Citation : 2019 Latest Caselaw 1581 Del
Judgement Date : 19 March, 2019

Delhi High Court
Guddu @ Farman vs State on 19 March, 2019
$~29

*      IN THE HIGH COURT OF DELHI AT NEW DELHI
+      CRL.A. 721/2018

                                      Decided on 19th March, 2019

GUDDU @ FARMAN                                     ..... Appellant

                          Through:    Ms. Sunita Arora, Adv.
                                      Appellant produced from Jail.
                          Versus

STATE                                              ..... Respondent

                          Through:    Ms. Manjeet Arya, APP for
                                      State.

CORAM:
HON'BLE MR. JUSTICE A.K. PATHAK


A.K. PATHAK, J. (ORAL)

1. Arguments heard and trial court record perused.
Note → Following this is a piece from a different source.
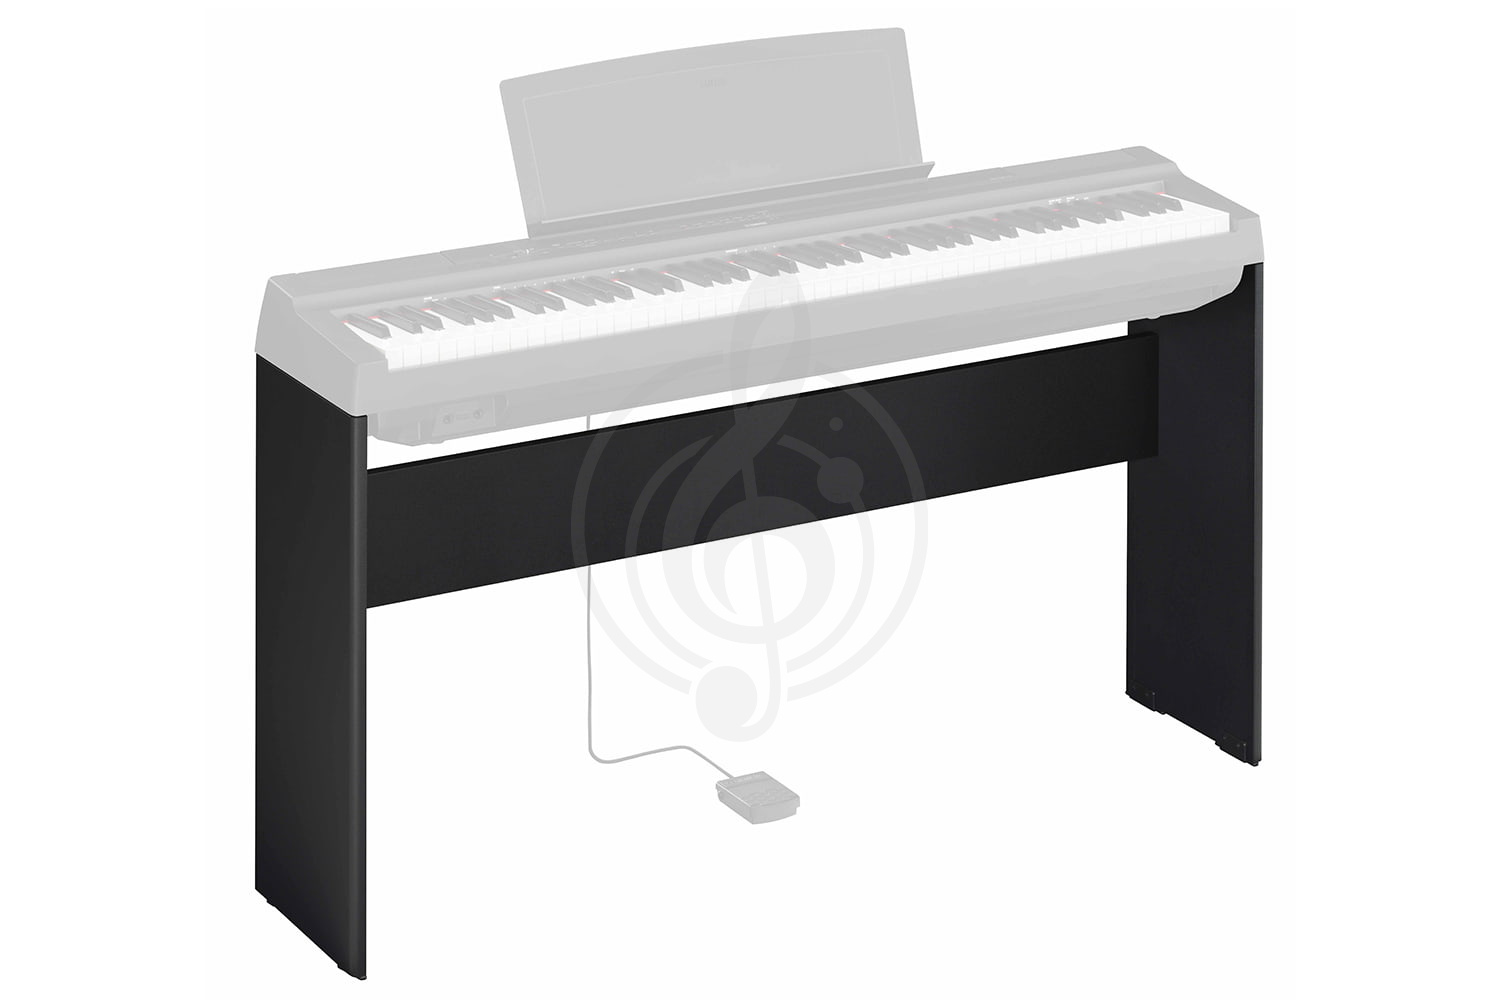 Стойка для цифровых пианино Подставки для цифровых пианино Yamaha YAMAHA L-125B - Стойка для цифрового пианино P-125B L-125B //E - фото 1
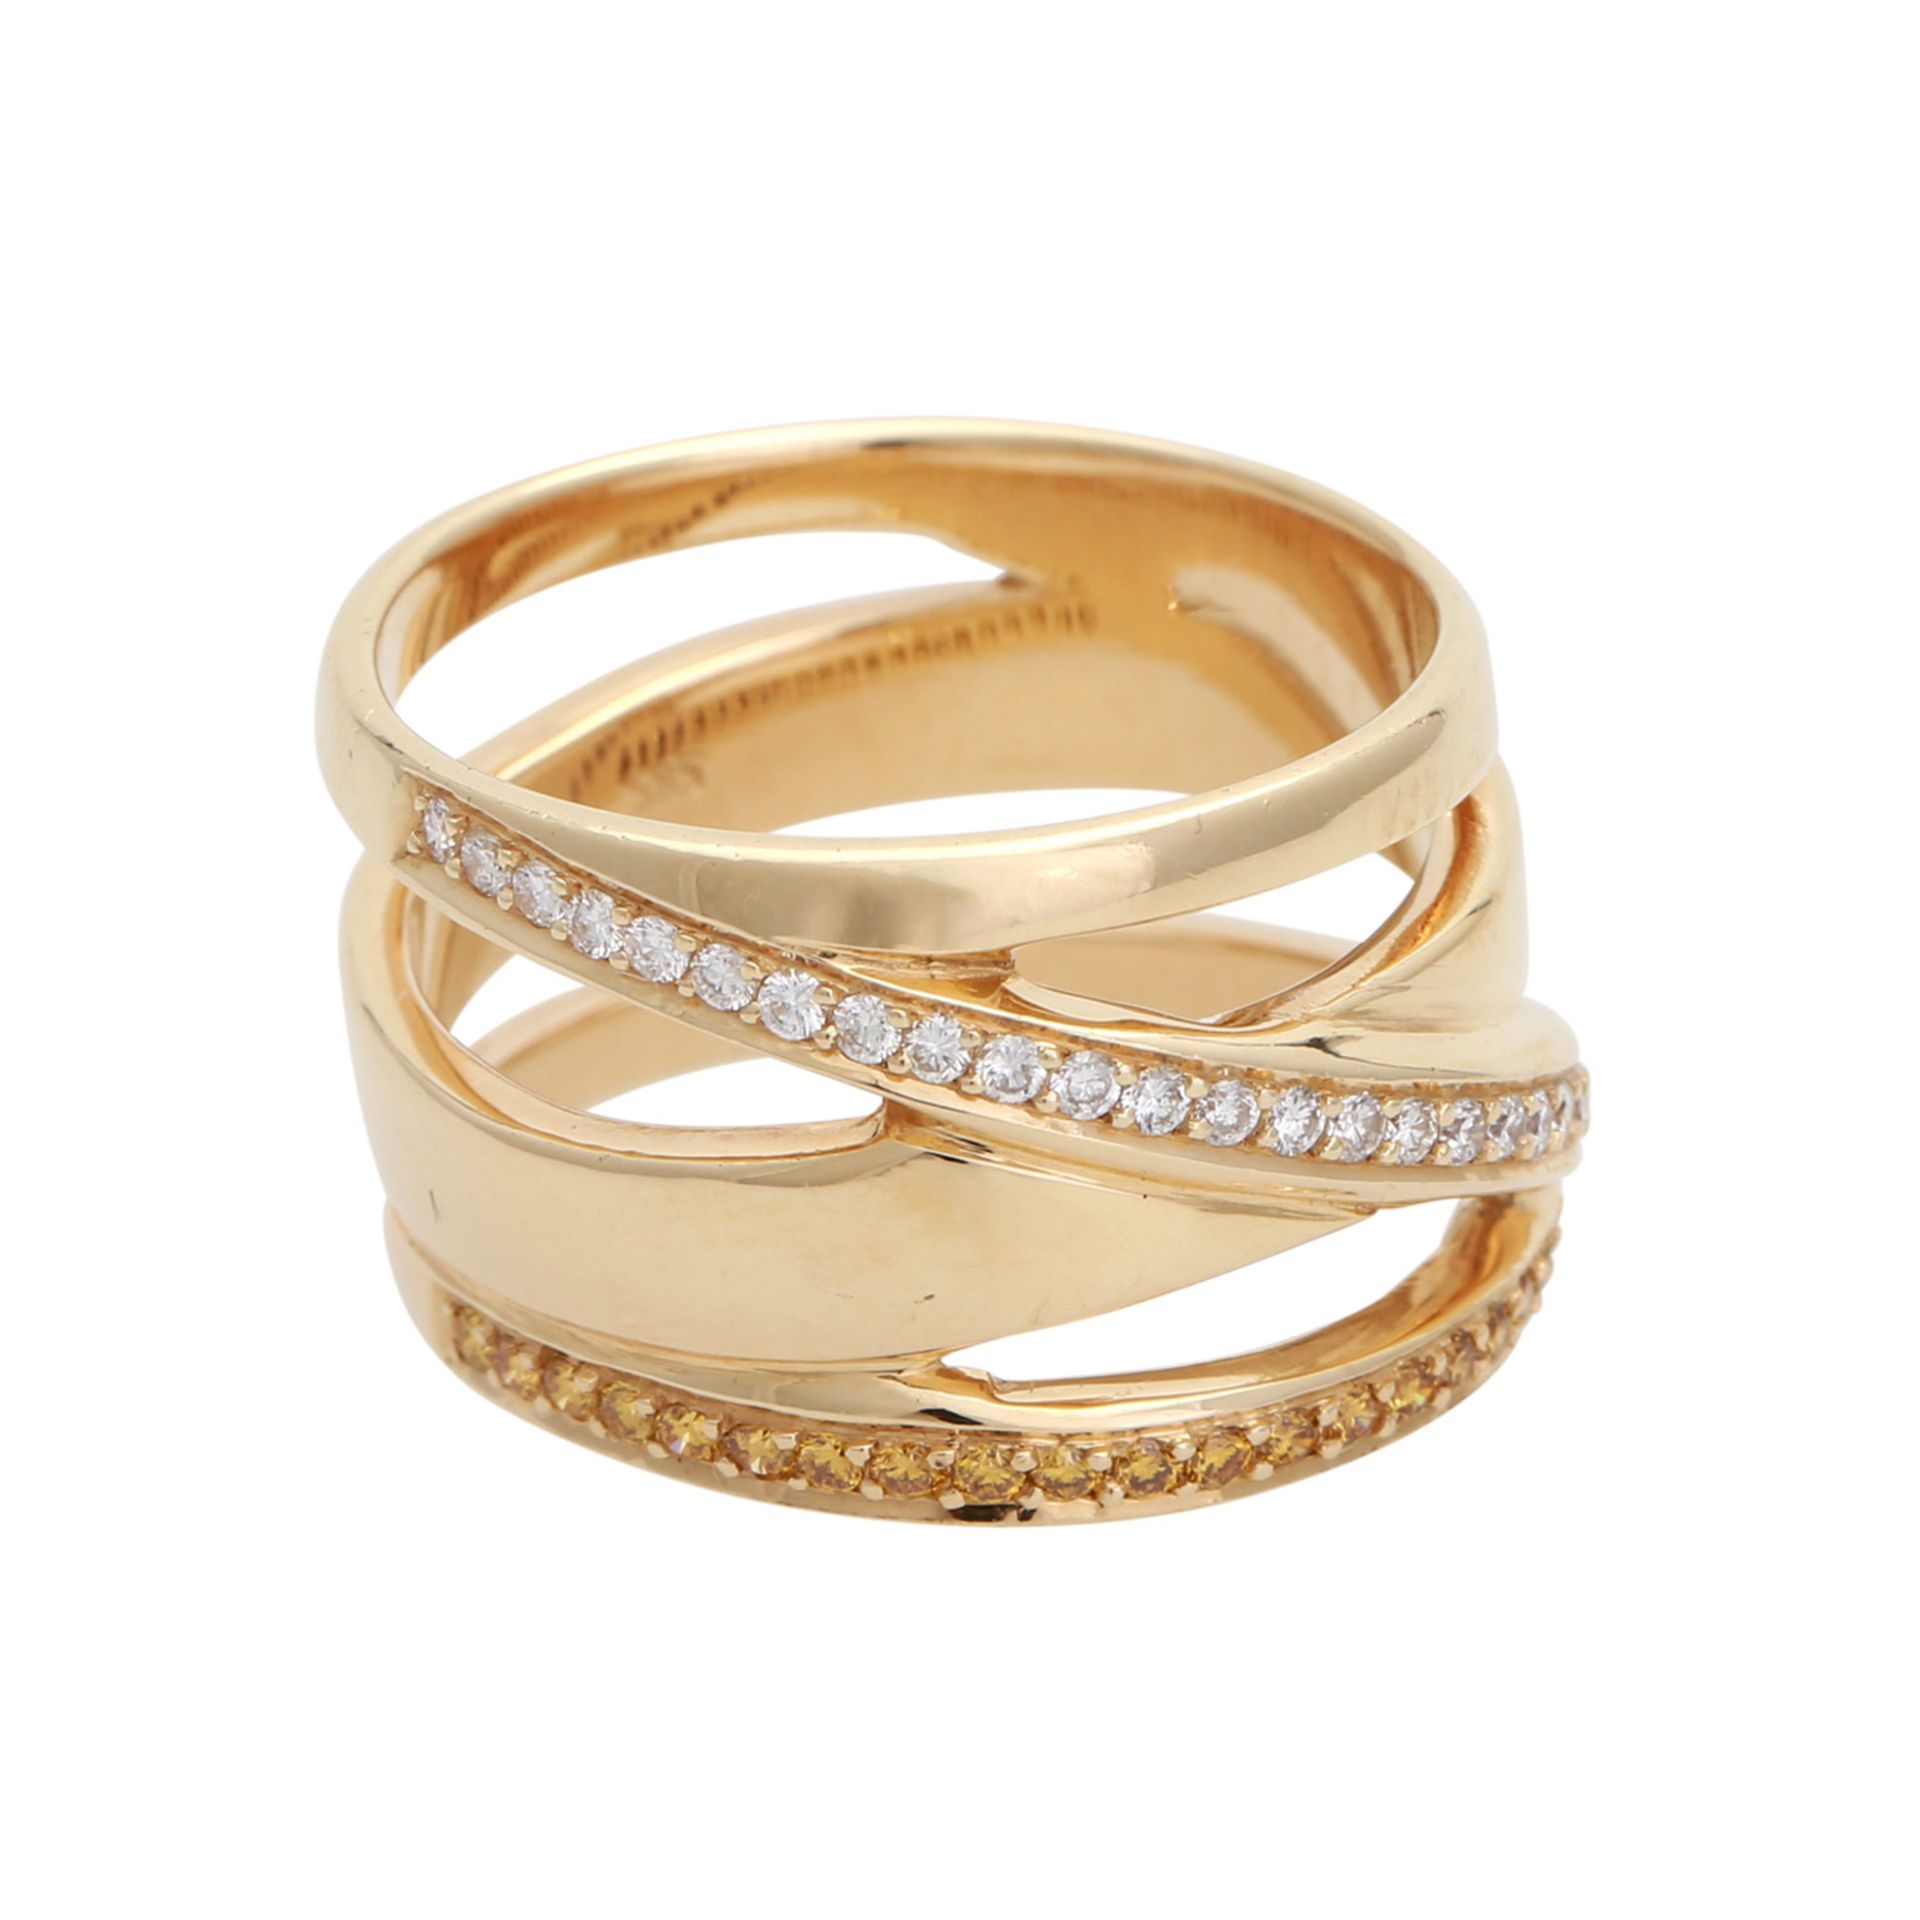 Ring mit 28 weißen und 23 gelben Brillanten, zus. ca. 0,51 ct, guter Farb- und Reinheitsgrad,

2. Learned counsel for the appellant, on instructions of appellant,

submits that the present appeal is pressed only on the point that

offence under Section 397 IPC is not made out against the appellant

on the evidence adduced on record; and at best offence under Section

392 IPC is made out.

3. A perusal of impugned judgment shows that appellant has been

convicted under Section 397 IPC by the trial court primarily, by

placing reliance on the statement of PW1-Gulshan (victim) which has

been found trustworthy and reliable. Further, that statements of PW3

and PW4 corroborate the statement of PW1.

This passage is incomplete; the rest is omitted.